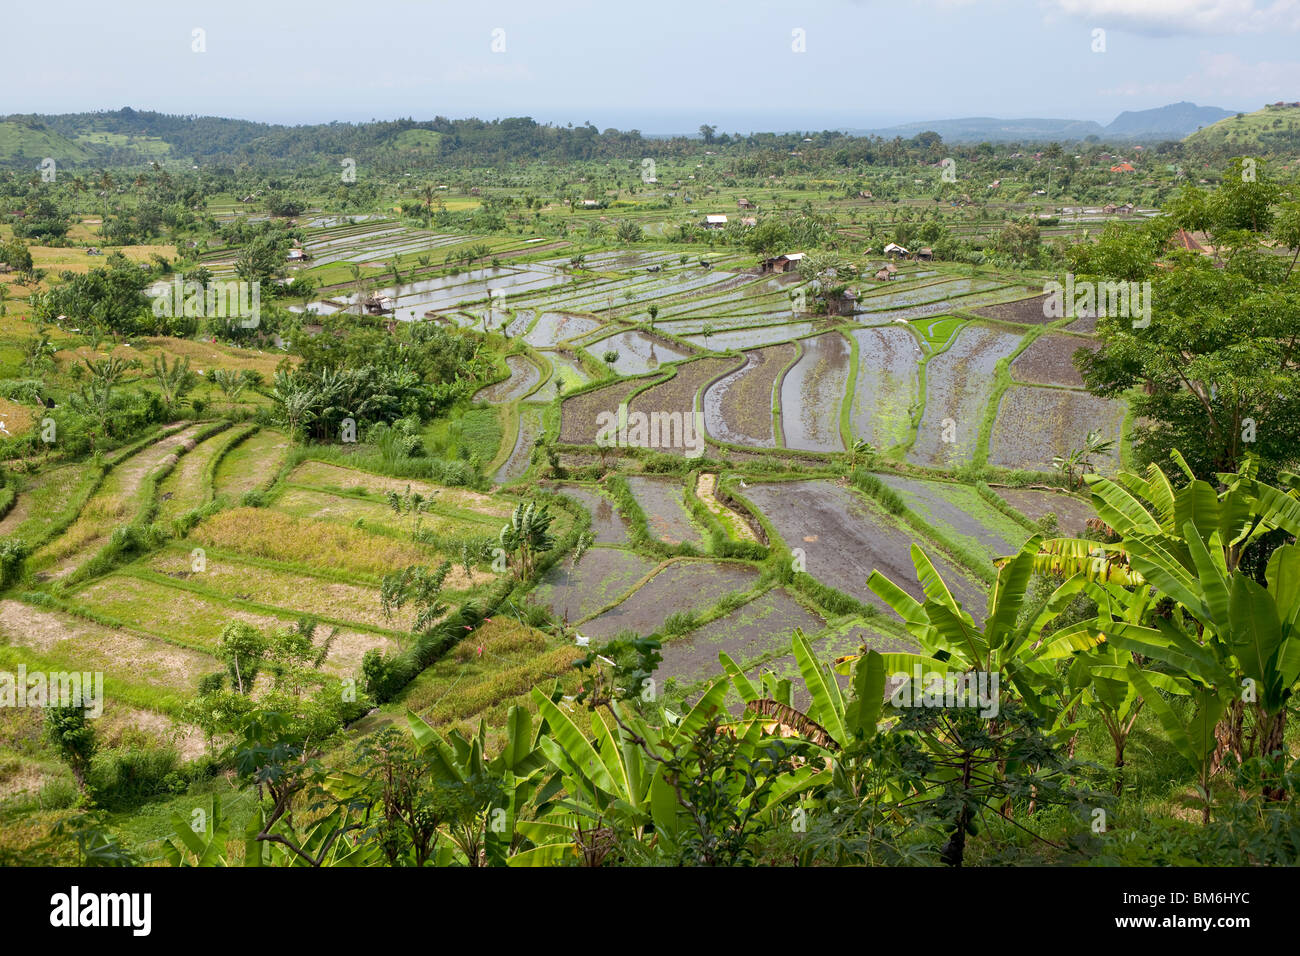 Rice field at Tirta Gangga Bali Indonesia - Stock Image
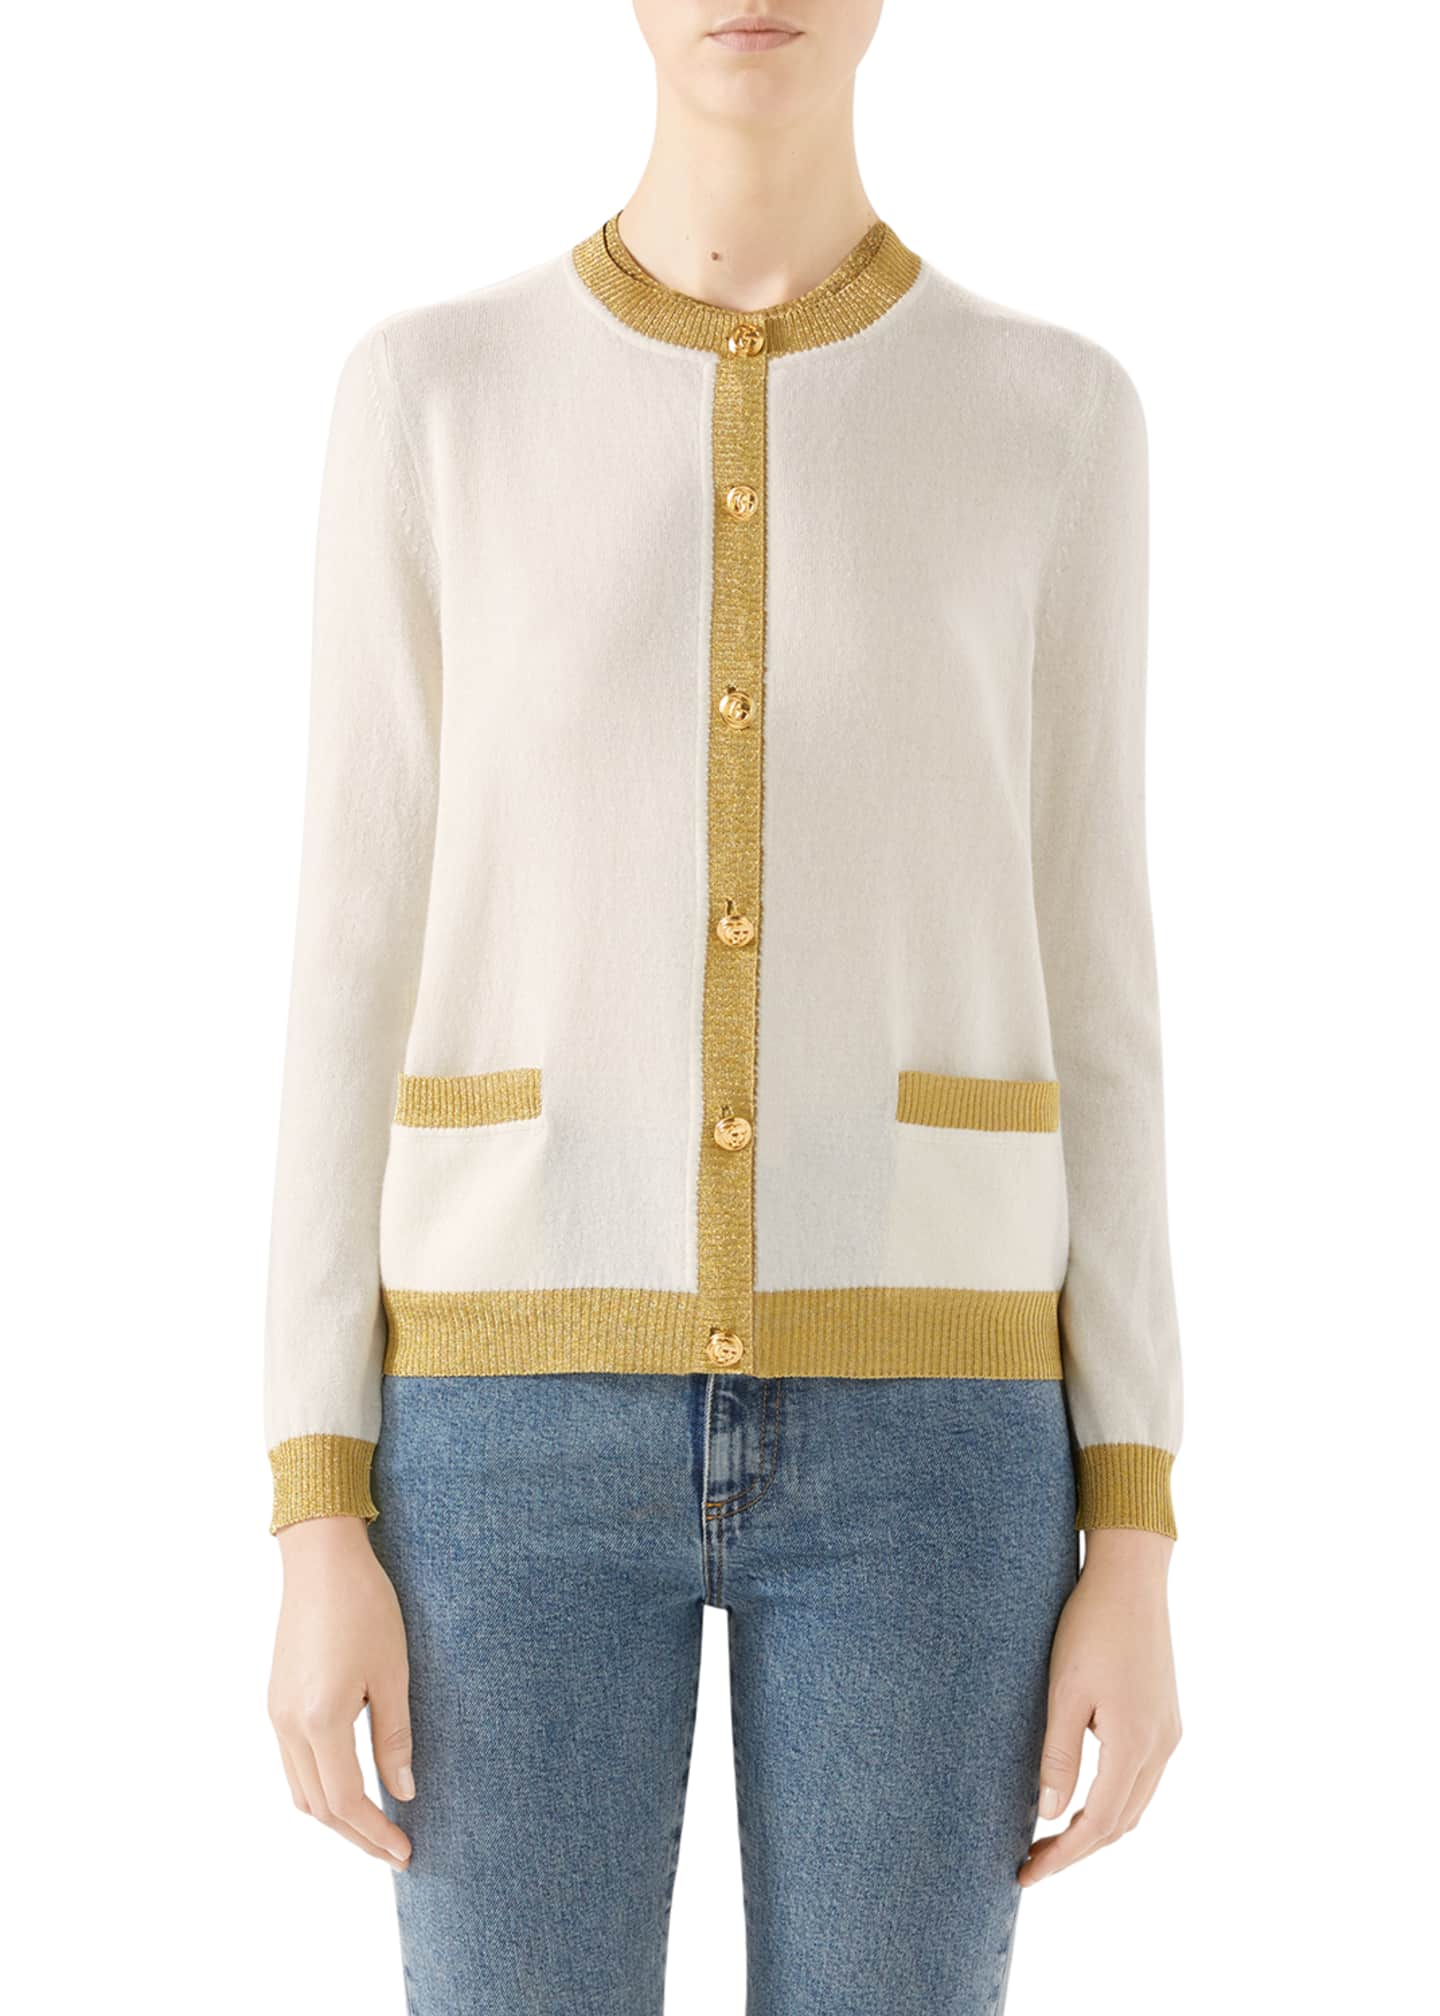 Gucci Cashmere-Silk Button-Front Cardigan
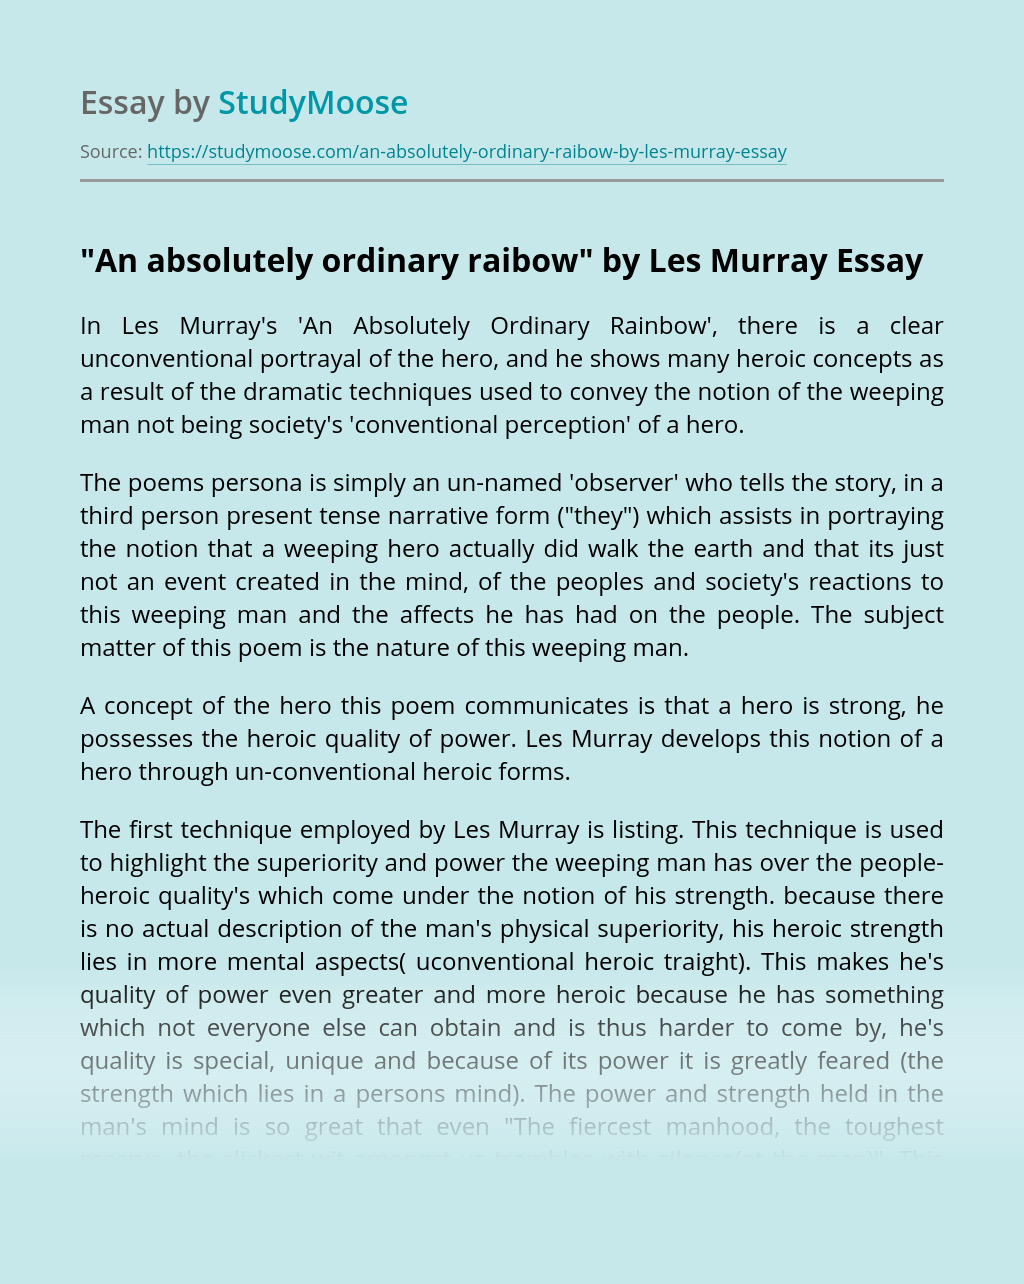 """An absolutely ordinary raibow"" by Les Murray"
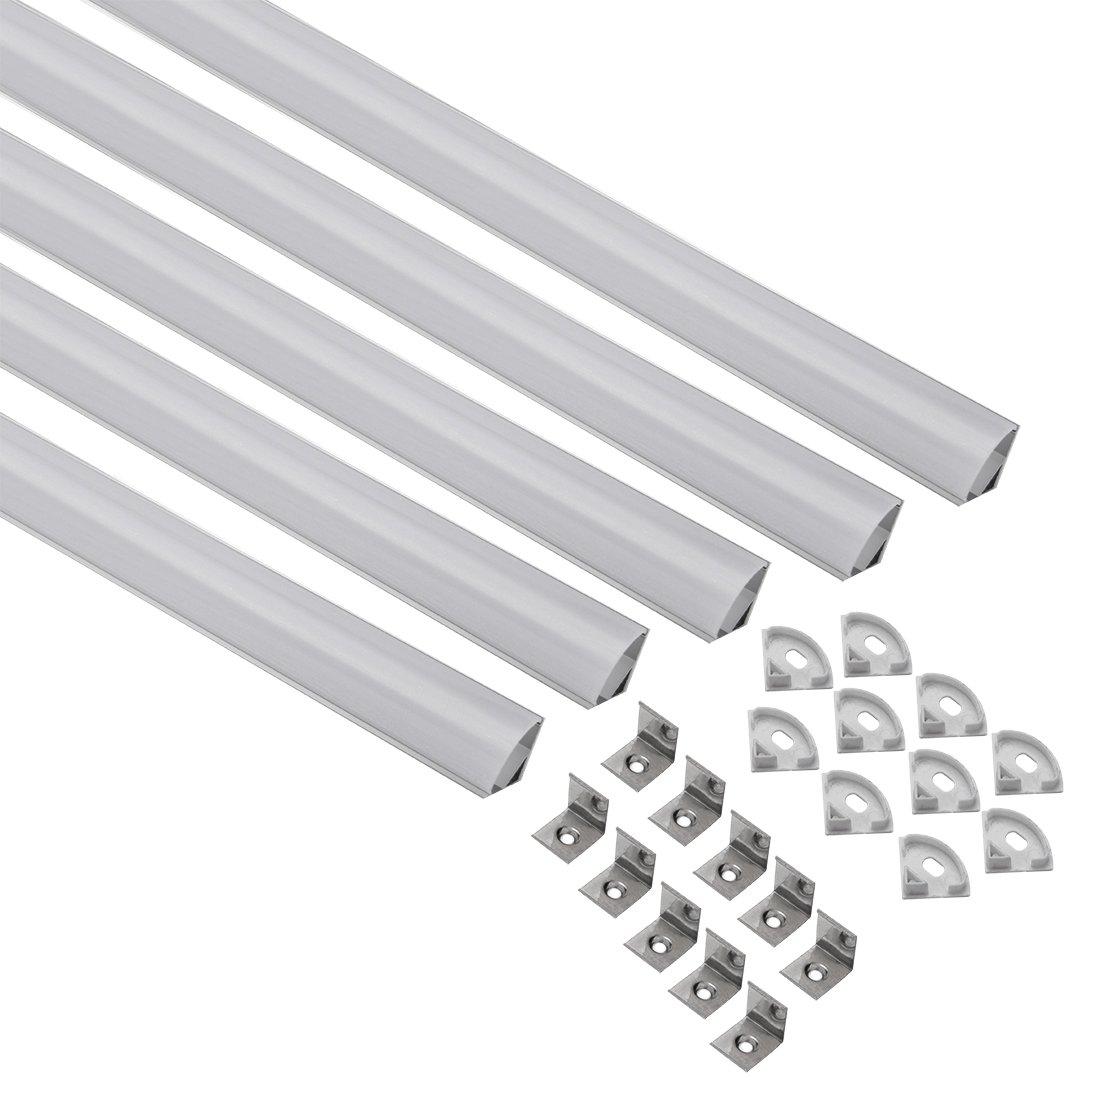 uxcell V-Shape LED Aluminum Channel System with Milky White Cover for LED Strip Light, CN601(1mx15.8mmx15.8mm) - 5 Packs

### Problem statement
Without the pictures, repeat the listing above exactly.

### Exercise answer
 Rice field at Tirta Gangga Bali Indonesia - Stock Image
 Gucci Cashmere-Silk Button-Front Cardigan
 """An absolutely ordinary raibow"" by Les Murray"
 uxcell V-Shape LED Aluminum Channel System with Milky White Cover for LED Strip Light, CN601(1mx15.8mmx15.8mm) - 5 Packs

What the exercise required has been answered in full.